Participants will learn how to construct well-written multiple choice items that measure course objectives. They’ll also evaluate their own items, identify flaws and polish up their work to achieve more meaningful results.

I asked Mary about her approach to this subject, which she has taught during workshops for ASTD, The University of Texas at Austin and other organizations.

What makes writing good test questions so challenging?


Mary Lorenz

I find that people write test questions from what it is they know, but all too often they have only ever known bad test questions! There are not many people who have training in how to identify and write a good test question.

What are the most common flaws you see in test questions?

A common problem is the lack of a single, clear, correct answer. Another is a poorly written stem that doesn’t provide enough detail. It’s essential to include all of the information necessary to provide a reasonable basis for responding.

Sometimes an author picks a statement out of a text book and use it as a test answer. Materials like that often cue test takers about the correct answer. People have become test-wise and can guess the right answer without really knowing the content. So you have to learn to write better test questions in order to accurately assess knowledge.

What’s the most important question to ask yourself when writing test items?

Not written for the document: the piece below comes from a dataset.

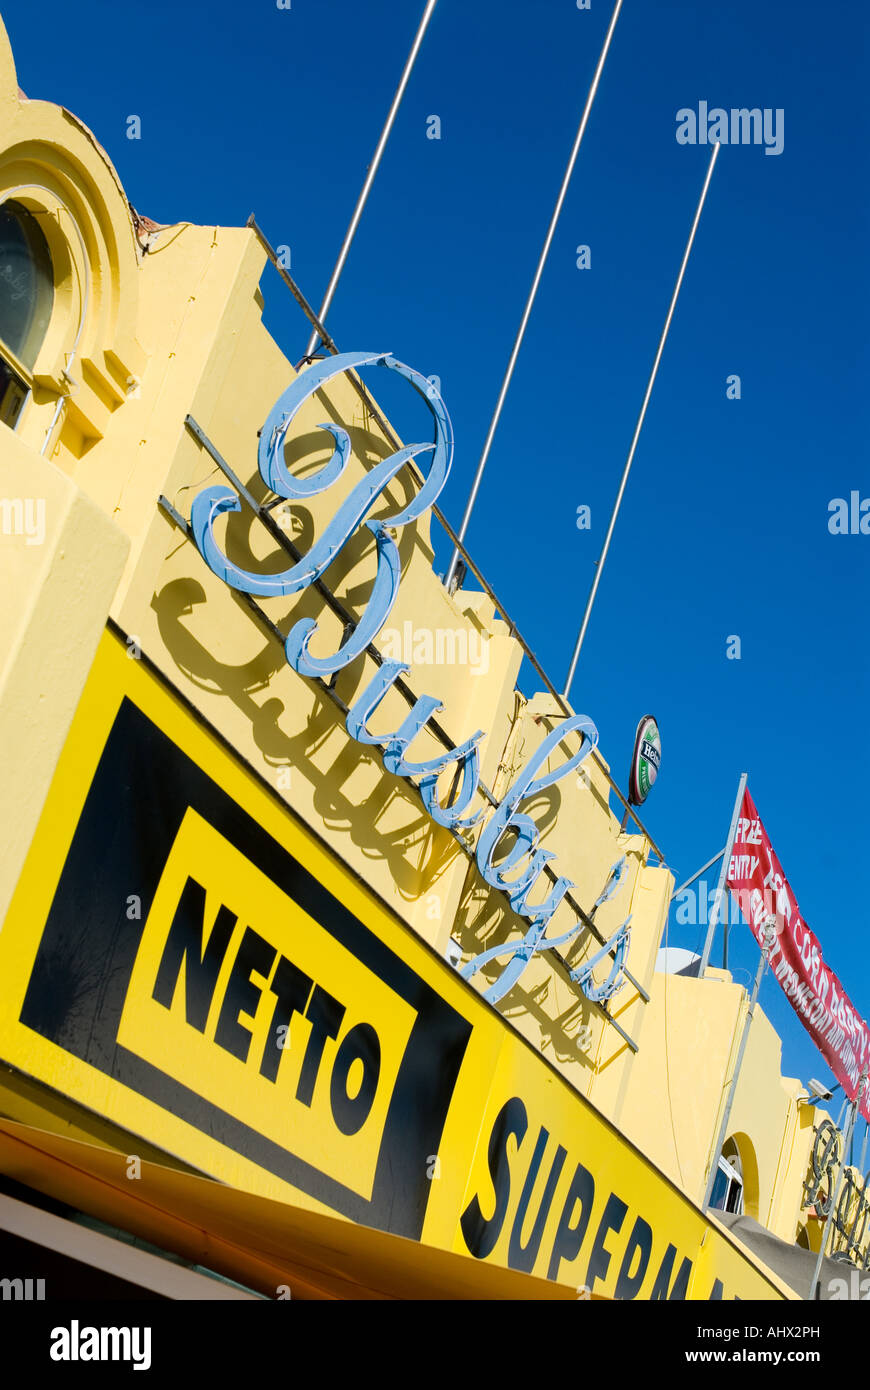 A Netto supermarket in Playa de les Americas Tenerife Canary Islands Spain  Stock Photo - Alamy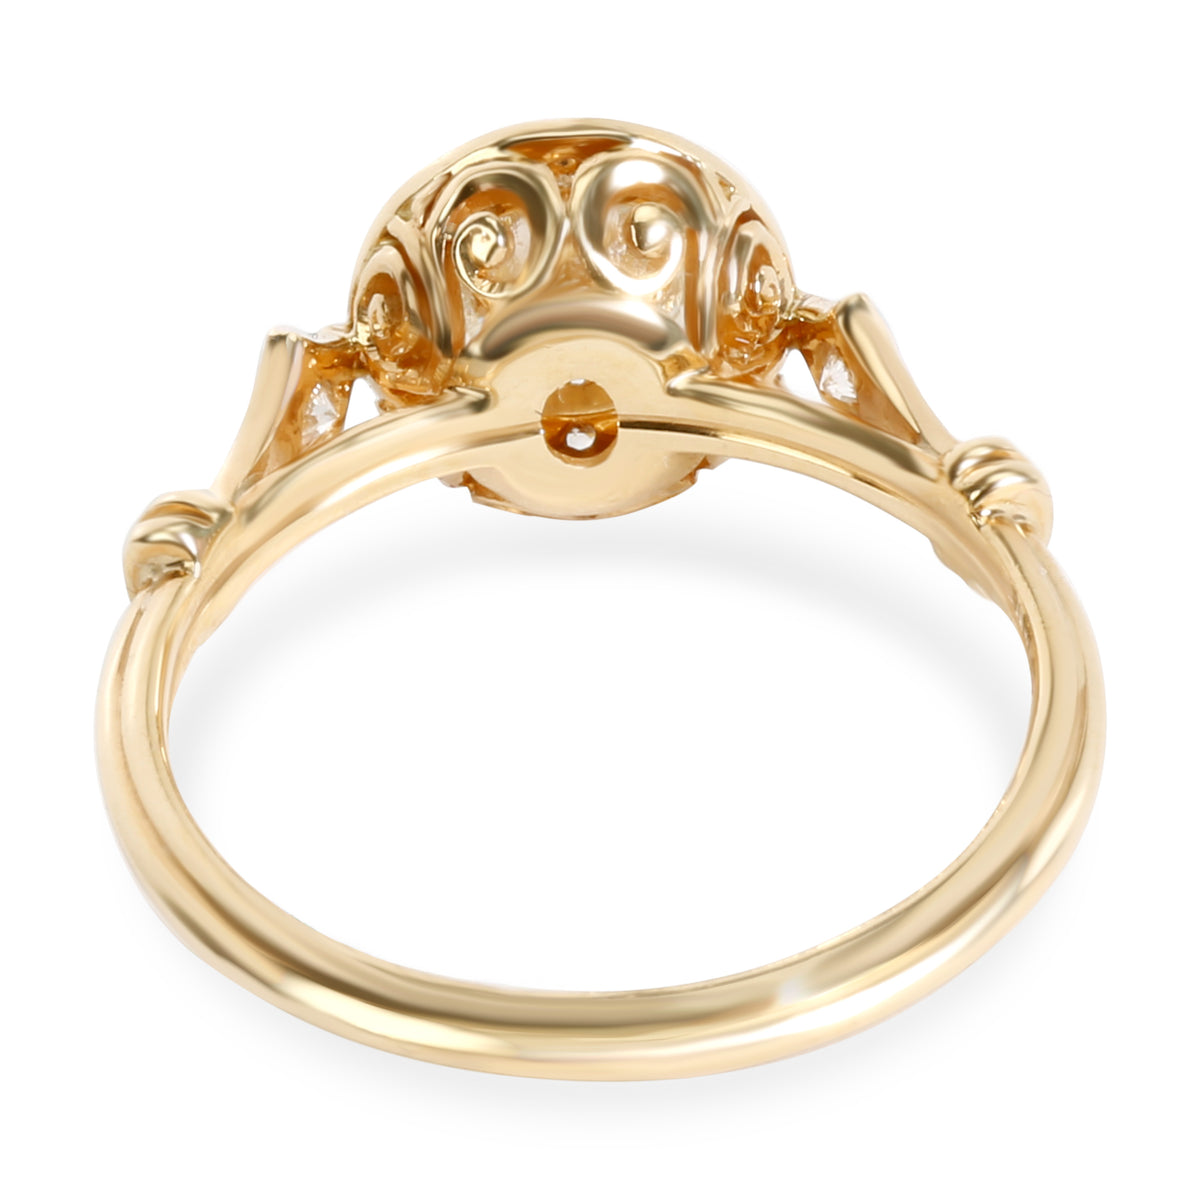 Heidi Diamond Engagement Ring in 18K Yellow Gold K-L VS 1.18 CTW

What is it you are asking test takers to do? It’s not about what information they can remember. It’s what you want them to do with that information. One of the best ways to get learners to think beyond what they “know” is to present them with a situation and ask them what they should do next. Make them apply what they’ve learned to a decision they need to make on the job. Each item should focus on an important concept, typically a common or potentially serious problem or issue related to their work. Don’t waste testing time with questions assessing knowledge of trivial facts. Don’t ask them to simply parrot a definition. Focus on problems they would encounter in real life. Avoid trivial, “tricky,” or overly complex questions.

So it’s really about objectives.

Yes! Test questions flow very easily from solid objectives, but people haven’t been well schooled in how to write a good objective. Designing an assessment, as well as crafting an objective, requires focus. So we will be looking at typical course objectives and comparing those to well-written, assessable objectives.

If you’ve written a good objective, the questions almost write themselves. Your objectives will also help you determine what item type would be most appropriate. I’ll be focusing on multiple choice items during this workshop, but we will touch on how to determine the right item types to use in different contexts.

How do you inject some fun into helping people learn to write good test questions?

First let me admit something: I am an item-writing nerd. Seriously, I have found myself on more than one occasion bordering on giddy when I come up with a novel way of approaching an objective and genuinely frustrated when I have to begin a question with “Which statement is true?”  In that spirit, I show students some classically bad questions and we all have a good laugh over those. I like them to be able to say, “Now that I know some things about how to discern an ‘okay’ question from a ‘good’ question, it’ will be easy for me to avoid writing bad questions.”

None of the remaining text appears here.